Walking Tours of Venice
The Garden of Eden, Venice
A glimpse of the garden of Eden

Little could John Ruskin have known, when he described Venice as the 'paradise of cities', that one day the Serenissima would have its very own garden of Eden.

In 1884 Frederick Eden, a wealthy Englishman, who was the great-uncle of Sir Anthony Eden (British prime minister from 1955-57), bought an abandoned garden/orchard on the Giudecca. Frederick and his wife Caroline, who was the sister of the celebrated garden designer Gertrude Jekyll, set about creating their very own garden of Eden, complete with a large number of rose-covered pergolas.

In addition to planting flowers and fruit trees, the new owners introduced a small herd of cows.
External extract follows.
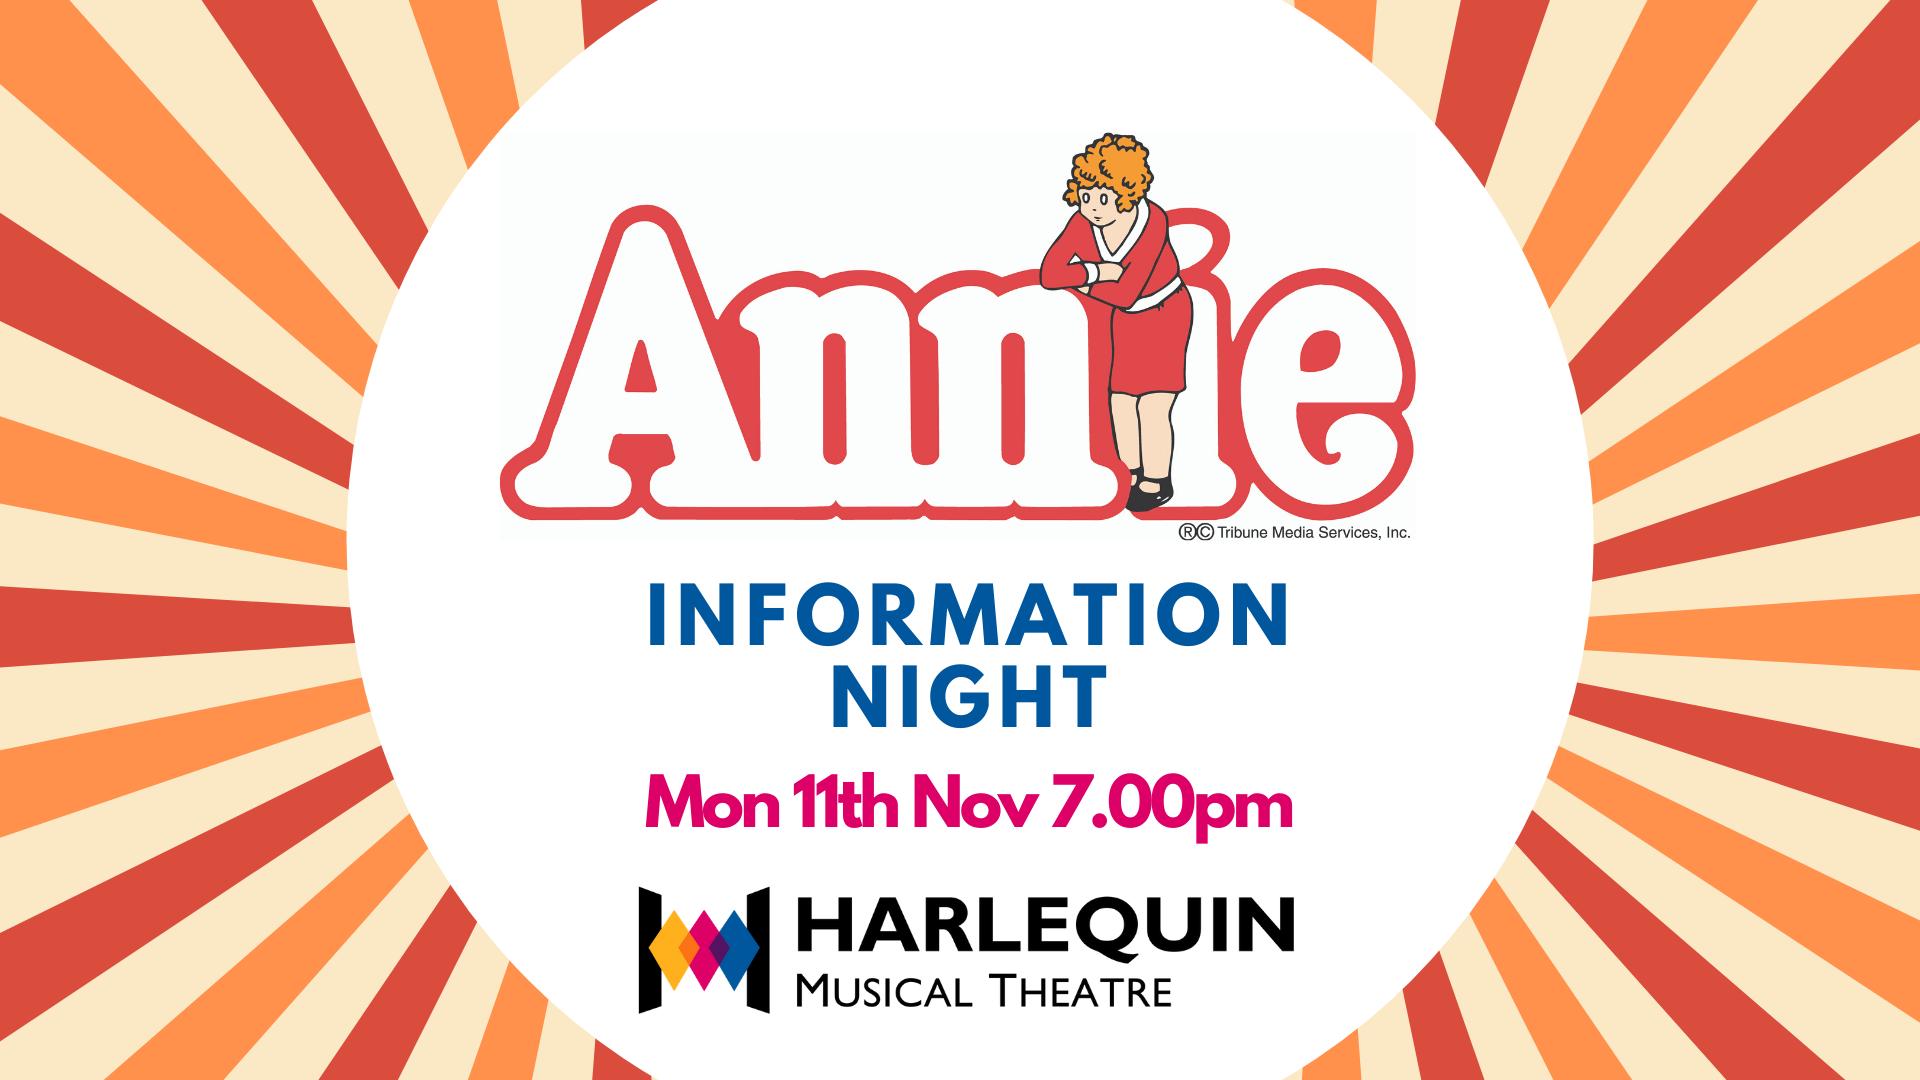 Annie Information Evening

In 1903 Eden wrote a book about their horticultural exploits, rather prosaically entitled A Garden in Venice. For decades the garden was a meeting-place for the Anglo-American colony in Venice and a source of inspiration for a host of writers and artists, including Henry James, Marcel Proust and John-Singer Sargent.  

Frederick Eden died in 1916 and Caroline in 1928. The garden was bought by Major James Horlick, who later gave it to Aspasia Manos, the wife of Alexander l, King of Greece (r. 1917-20). Princess Alexander of Greece and Denmark, as she came to be known, would live part of the year in the garden's palazzina. In the 1950s she was joined by her daughter Alexandra, ex-queen of Yugoslavia, who soon acquired a reputation for being somewhat strange and the Garden of Eden began to acquire an air of mystery.

In 1979 the garden was bought by the eccentric Austrian artist Friedensreich Hundertwasser, who had a preference for wild plants and duly allowed nature to take its course. It quickly became a romantic ruin. Since his death in 2000, ownership of the largest private garden in Venice has been uncertain, which only further adds to its mystery.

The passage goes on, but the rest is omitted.